3.2 Export and format data


TABLE OF CONTENTS
3.2.1. Get your data
The way you get your data is dependent on how the data was collected in the first place. For example:
- If data was collected from mobile data collection or other digital tools, you will need to download, export or pull data from an online server (for example, your Kobo Account). Make sure to choose a format for the download that is compatible with your analysis software so you will be able to use for analysis.
- If data was collected on paper-based surveys, you will first need to conduct data entry in a dedicated software, such as a spreadsheet on Excel.
Before editing your data, make sure to create a non-editable copy to avoid modification of the original dataset.
The process can be replicated periodically when you do a lot of transformation of the data (so that you don’t start from scratch again if there is a major issue).
3.2.2. Put your data into a table format
To transform your dataset into a database, it is essential to ensure that the data is in a tabular format of rows and columns with the following characteristics:
- Data points (or subjects) must be transformed into a row with a unique identifier for each one. The data points are the unit of analysis from which the data collection sample was derived, i.e. one row represents one time a survey was filled-out. The data points of each row often represent an individual, household, or community, etc.

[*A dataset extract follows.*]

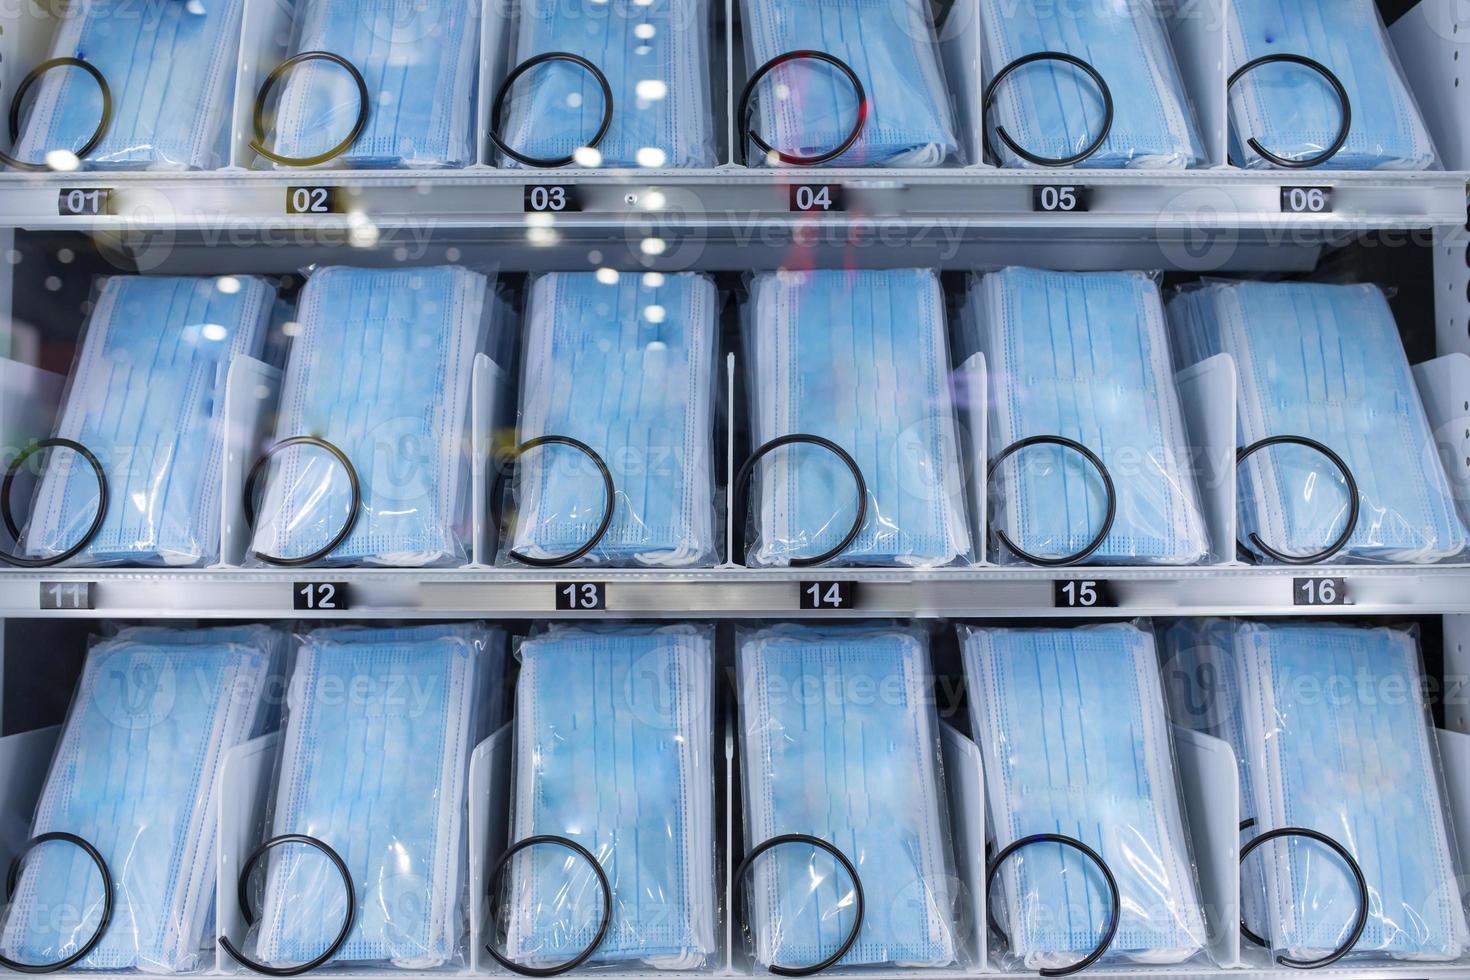 máscaras faciais em um dispensador que funciona com moedas foto

- A unique Identifier is usually a numeric/alphanumeric code that can be used to identify unique data points/subjects.
- Variables are transformed into columns. Variables usually signify each question that was asked in a survey0
- No cells should be merged.
- No ‘multiple answers’ in one cell0
- No “multiple answers” in a cell.
- No blank rows within the range.
A database design guide was produced by ACAPS in 2013, and can help you design your database.
How to practically manage these aspects in Excel? Check the Excel toolbox section about it (available in French).
3.2.3. Format your dataset
To easily read and use your dataset, it makes sense to ‘tidy’ it before cleaning the potential errors. Doing so will allow you to more easily visualize outliers, misspellings, duplications or other issues that need to later be cleaned. Here are a few things you can look at to tidy:
- Harmonize the font
- Align cells content (ex. Text align to left and number to right)
- Delete blank rows and columns
- Make sure your column names are clear, short and correct
- Delete useless spaces (How to do in Excel? - available in French)
While downloading data from MDC tools in Excel, it often happens that the format of cells is not well recognized. You should pay specific attention to cell format (ex. numeric field stored as text) to avoid later issues with analysis.